# Thoughts About Tables



## speedre9 (Oct 7, 2016)

My machine has a three inch max depth of cut. I have some thoughts about the Z axis carriage and how the spindle motor is mounted to it. Theory, if the top of my table is at max depth, three inches from the Z axis  carriage then the max depth is reduced by the thickness of the spoil board, correct?, does this make sense so far. Then if any of this is true then I should mount my permanent table surface at three inches plus whatever thickness I choose to use as a spoil board. Making the thickness of the spoil board my default thickness. Any comments, I have pondered this for a long time now. Is it rational????


----------



## T Bredehoft (Oct 7, 2016)

I don't know what mill you have, but my head is movable, (given that I remember to lock it after I do move it) while the spindle only moves abut 1 3/4 inches. Yeah, if your head is semi-fixed, can't be moved easliy, that 's what I'd do.

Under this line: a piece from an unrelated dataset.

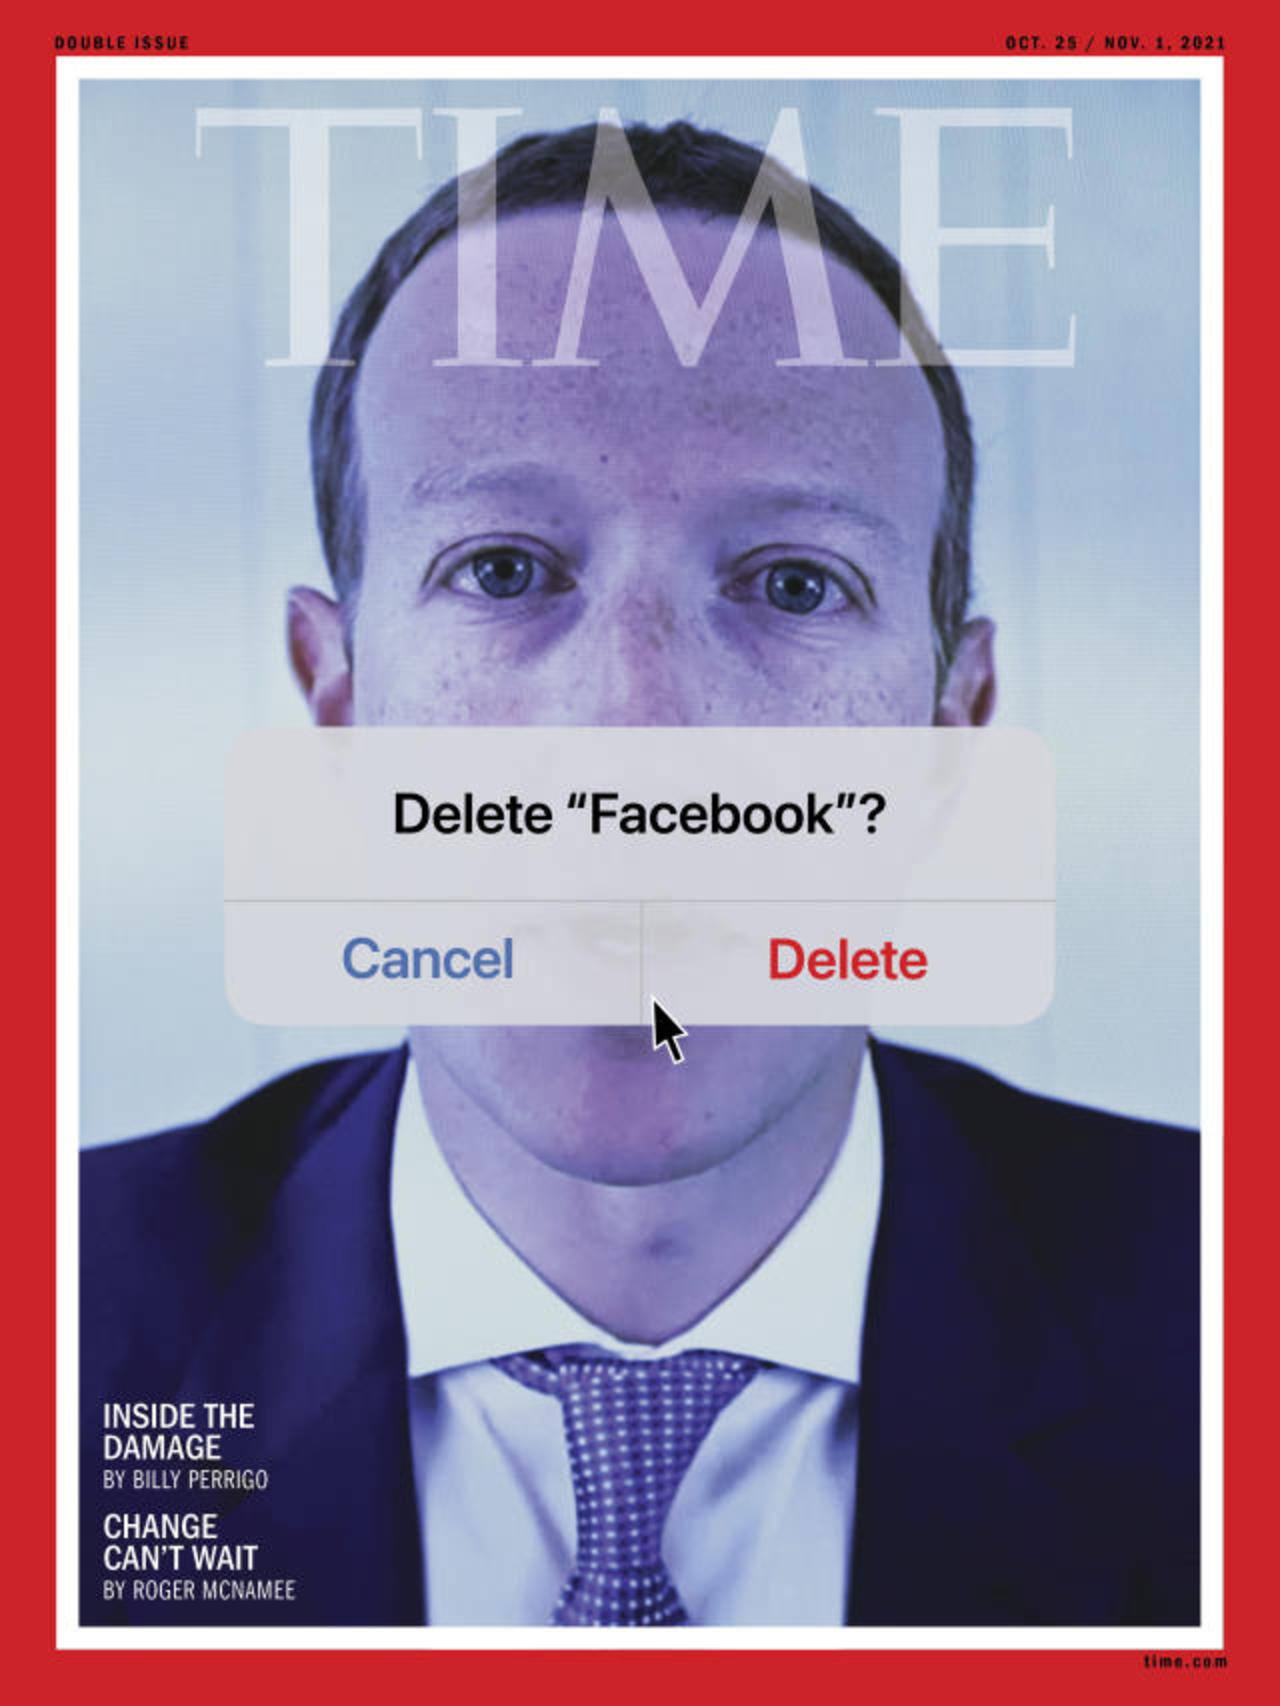 La portada de la revista Time levanta polémica por Facebook

If you need three inches of movement, and can accommodate a piece of spoil, you still  have three inches of movement.


----------



## JimDawson (Oct 7, 2016)

I suspect we are talking about a CNC router here, since you didn't specify.  Do you only have 3 inches of travel on the Z?  If that's the case, then I would do as you described.  I would set it up so the shortest tool bit would just penetrate the spoilboard surface at maximum Z extension.


----------



## speedre9 (Oct 8, 2016)

Once again, I didn't add enough info. The machine I have is a K2CNC 2514 Gantry Router. There is only three inches of clearance between the gantry assembly and the table.
But I have thought it is lessened by any spoil board unless the table is mounted on a modified plane. I wish I could add photos, but.


----------



## JimDawson (Oct 8, 2016)

speedre9 said:


> But I have thought it is lessened by any spoil board unless the table is mounted on a modified plane.



That is correct.  The only way to add clearance is to make taller gantry support arms, or lower the table.  For one router I did, I just made new support arms that were 2 inches taller.  But you still may be limited by the amount of the Z travel.


----------